Top of THE DATA
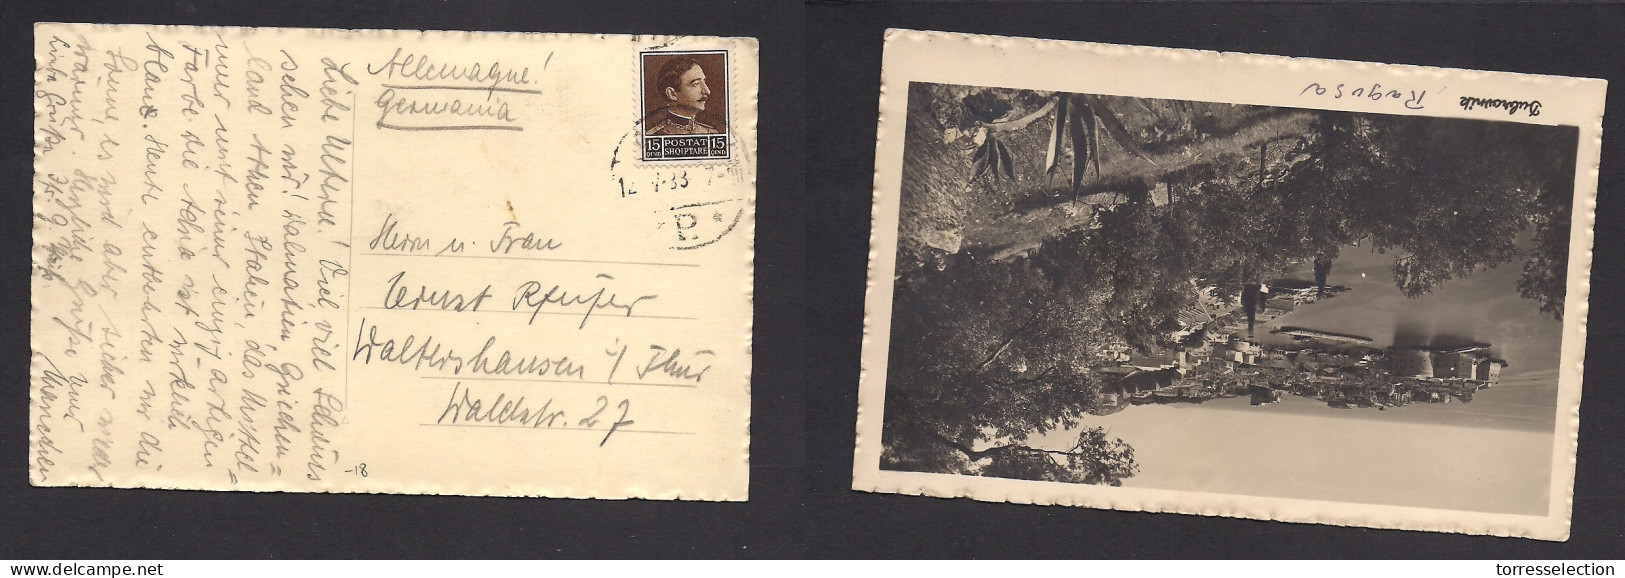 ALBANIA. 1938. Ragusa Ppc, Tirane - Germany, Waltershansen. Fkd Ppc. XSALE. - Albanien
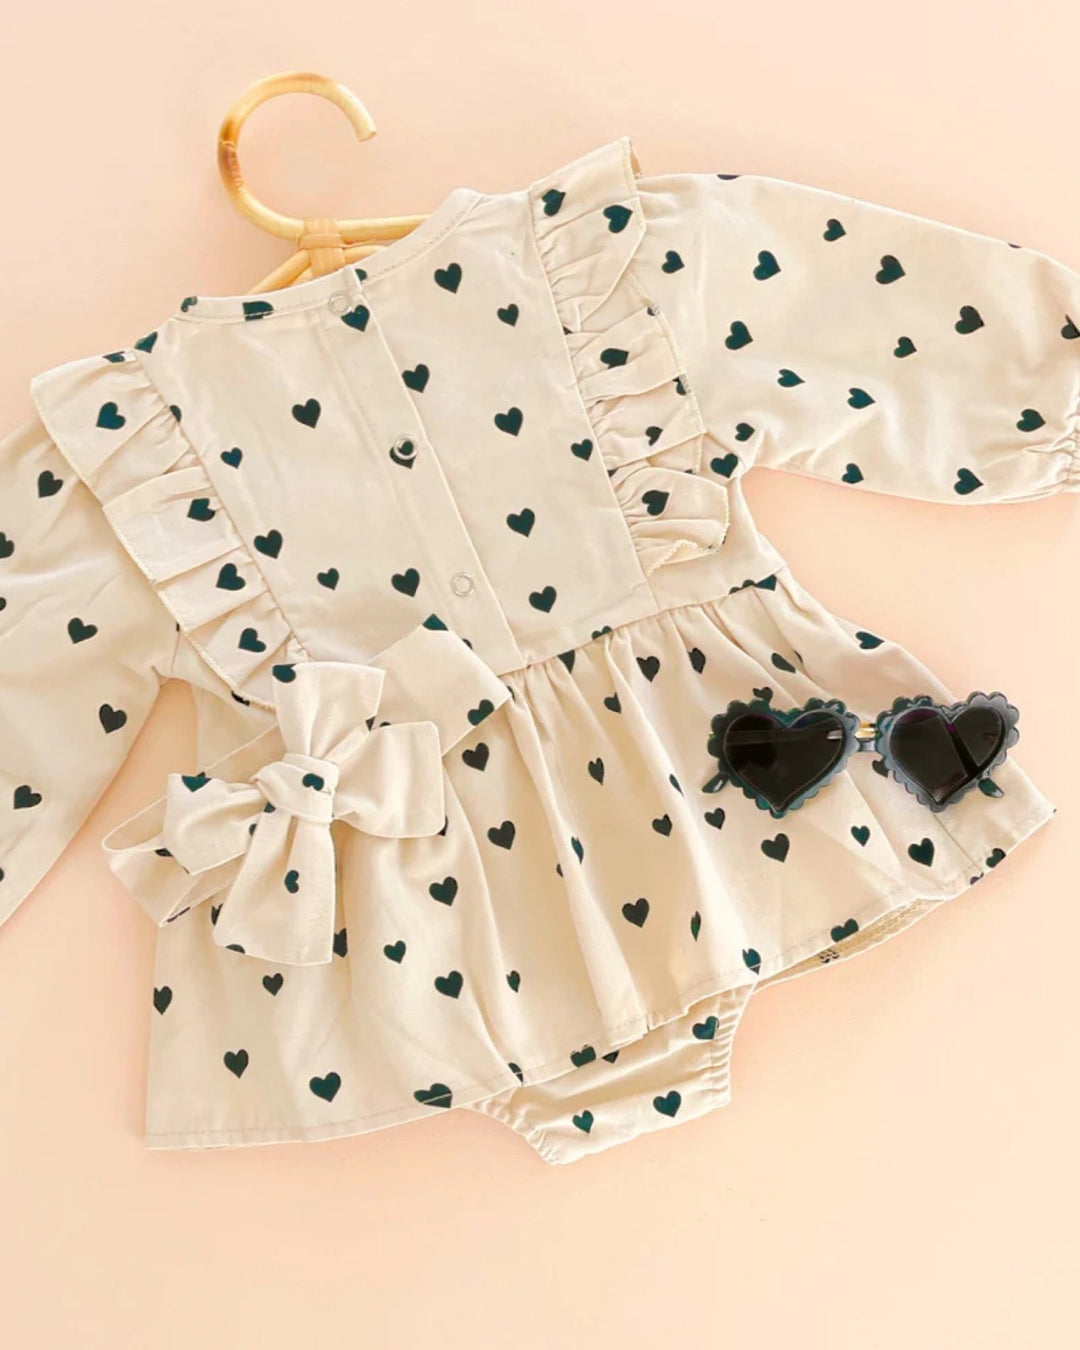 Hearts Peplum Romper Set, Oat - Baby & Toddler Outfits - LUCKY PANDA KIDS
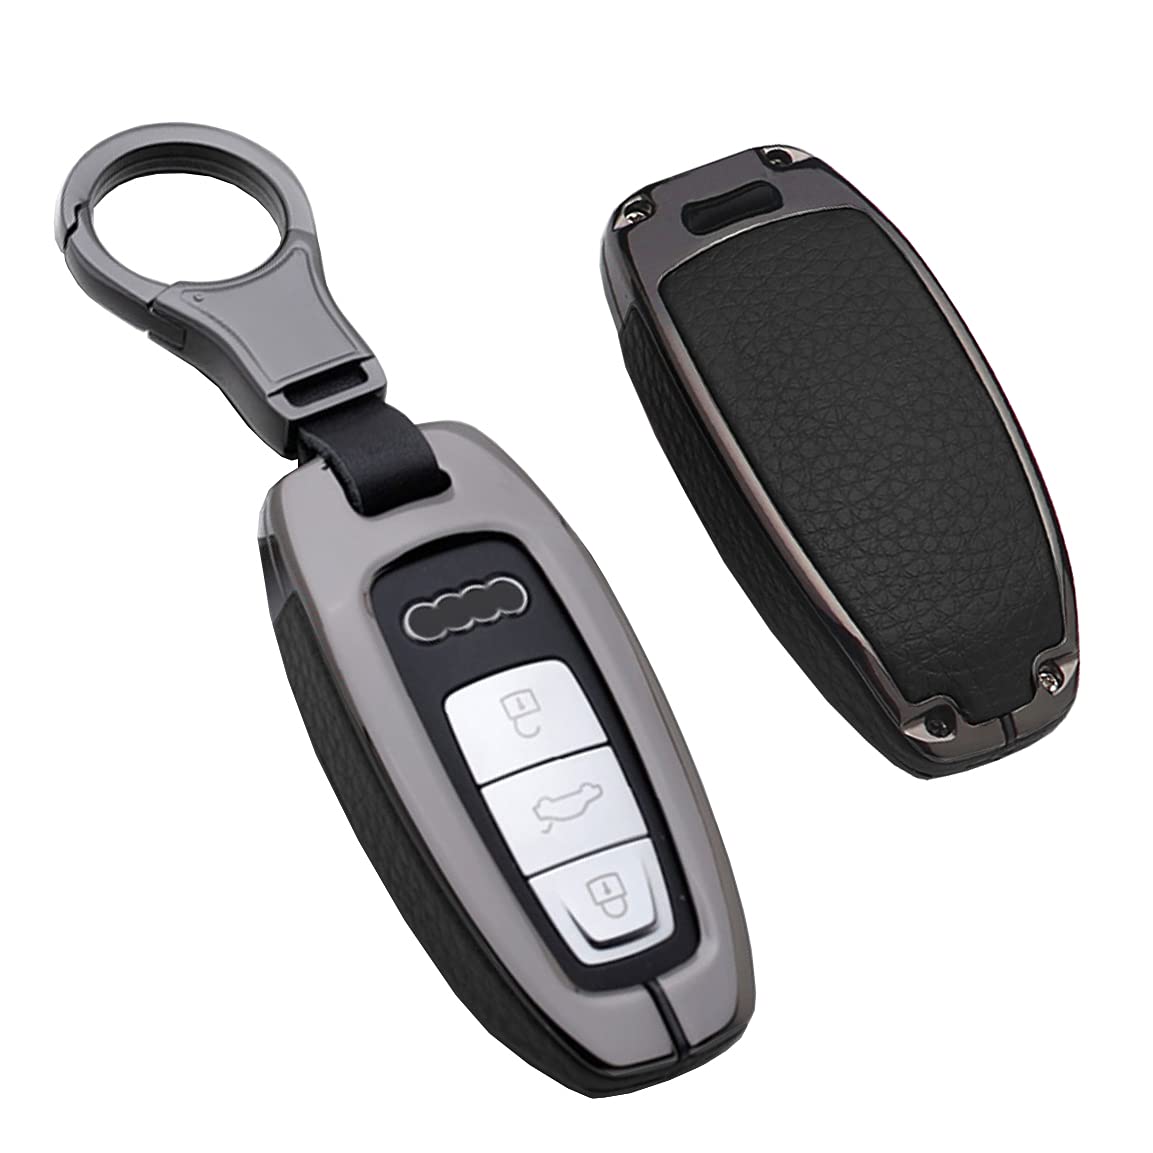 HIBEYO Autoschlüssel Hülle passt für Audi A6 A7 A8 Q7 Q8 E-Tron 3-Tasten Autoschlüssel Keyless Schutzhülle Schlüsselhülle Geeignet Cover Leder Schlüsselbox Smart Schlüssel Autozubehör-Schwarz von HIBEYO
Bottom of THE DATA
REQUIRED ACTION:
Write out the full listing verbatim, excluding its pictures.

FINISHED TASK:
 ALBANIA. 1938. Ragusa Ppc, Tirane - Germany, Waltershansen. Fkd Ppc. XSALE. - Albanien
 Hearts Peplum Romper Set, Oat - Baby & Toddler Outfits - LUCKY PANDA KIDS
 HIBEYO Autoschlüssel Hülle passt für Audi A6 A7 A8 Q7 Q8 E-Tron 3-Tasten Autoschlüssel Keyless Schutzhülle Schlüsselhülle Geeignet Cover Leder Schlüsselbox Smart Schlüssel Autozubehör-Schwarz von HIBEYO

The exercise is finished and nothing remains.